What we ask of government is, just let us open! If we can open, we can trade our way out of this. We do well at the box office, we can look after ourselves, but we’ve got to be able to put shows on. Getting the shows on is the most important thing, not just for us. The whole ecosystem of freelance artists and freelance crew, smaller companies, lighting supply companies, staging companies, they all rely on places like us and other venues around London, around the UK. Until we’re open, it’s such a loss for the whole sector.
A Noble Cause:
courtesy Royal Albert Hall
– A Noble Cause:
Lucy Noble has worked at the Hall for 20 years, six of which as director. She describes her experience so far as “magical”.
What is your business philosophy?
Lucy Noble: I always say to guys, work hard, but have lots of fun as well. I think it’s important to have fun at work. And I always acknowledge that I don’t know everything. There’s people in my teams who will come in and tell me about an artist who I haven’t heard of, and it’s really important that you embrace your whole team, and you’re all working together towards a common goal. And just to be kind to people is really important to me, in terms of how I manage the workforce.
Craig Hassall: Empower people who are clever and good at what they do, that’s my advice. It seems to work pretty well, certainly at the Hall. We’ve got a great team, who are really keen to do what they do. And they do it really well. So, let them do it.
Lucy, looking back on your time with the Hall, is there anything you’re particularly proud of?
Lucy Noble: I’m proud of most of the things I’ve done. But since I became a director in the last five or six years, I can’t remember now, that’s when you can really make a difference, as you become more senior in an organization, shaping the program more, becoming an in-house promoter, dare we say it? That has been a great step forward for the Hall.
 
The Hall Gets Grimey:
Christie Goodwin
– The Hall Gets Grimey:
Stormzy perforrms at the Global Citizen Prize at the Royal Albert Hall, Dec. 13, 2019.
Taking into account this past, very strange year, as well as the one lying ahead of us, what’s your state of mind at the end of March 2021?
Craig Hassall: I remember the day Lucy and I sat down. It was looking bad, and we both said,’I think we have to close, the government’s going to mandate that we close.’ That evening, the West End closed, the next day we closed, I think it was St. Patrick’s Day last year. We all said ‘goodbye’ and walked out, but in a very casual way. We had no idea we’d be closed for so long. I am just absolutely missing and yearning for that live experience again But, equally, it’s also the team. When I’m at the Hall, I’ll go for a wander around, go and see the building services guys and go and talk to the crew and talk to the tour guides and pop into the kitchen. Everyone’s so committed to what they do, and they feel so proud of delivering the experience for the audience or the artists. I miss that so much. We work in an industry, which is so much about people, yet I’ve been stuck in his attic for a year. I just miss it. I just miss the people from the Hall, most of all, as much as the shows.

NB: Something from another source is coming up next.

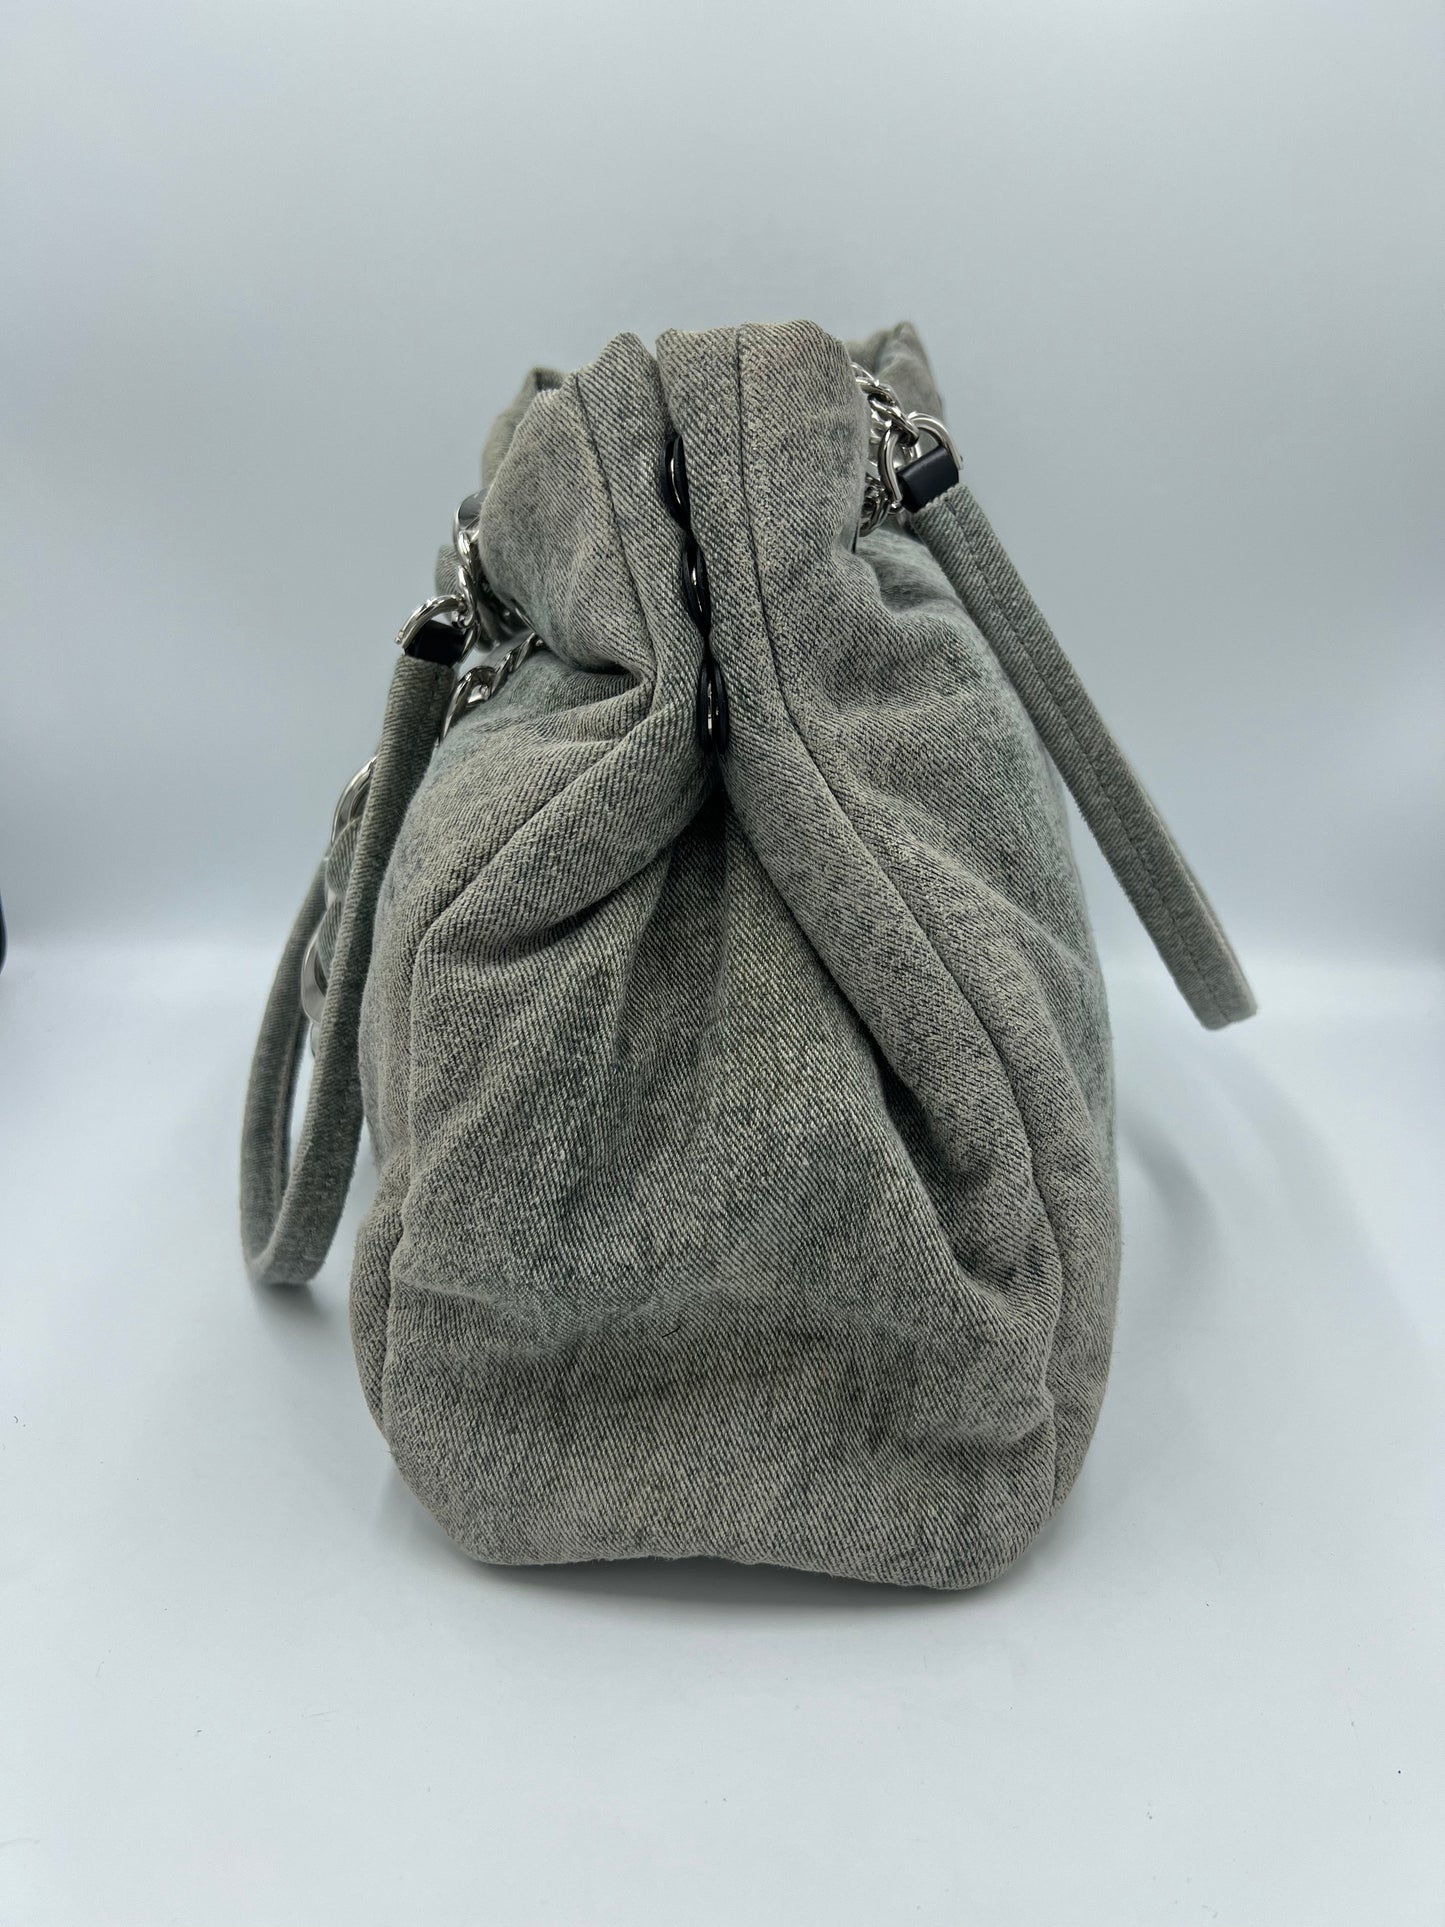 Balmain 1945 Soft Cabas Tote Bag

Lucy Noble: It’s the same for me, I really miss seeing people. To begin with, it was quite nice to work from home for a while. And then you just realize that you’re missing a huge part of your life that enriches your soul. Music is a huge part of my life, I studied music, it’s everything that I do, and we do as a family, actually. I really miss that.

Is there anything you would like to add?
Lucy Noble: I would just thank all the promoters and the artists and the agents and managers for supporting us and other venues through this. It’s not been easy having to reschedule a year’s worth of events. It’s been extremely difficult, actually, and challenging. But the promoters and everyone involved have been supportive of us, so I just want to say thank you for all of their support over the years leading up to the 150th anniversary, and hopefully in the future, too.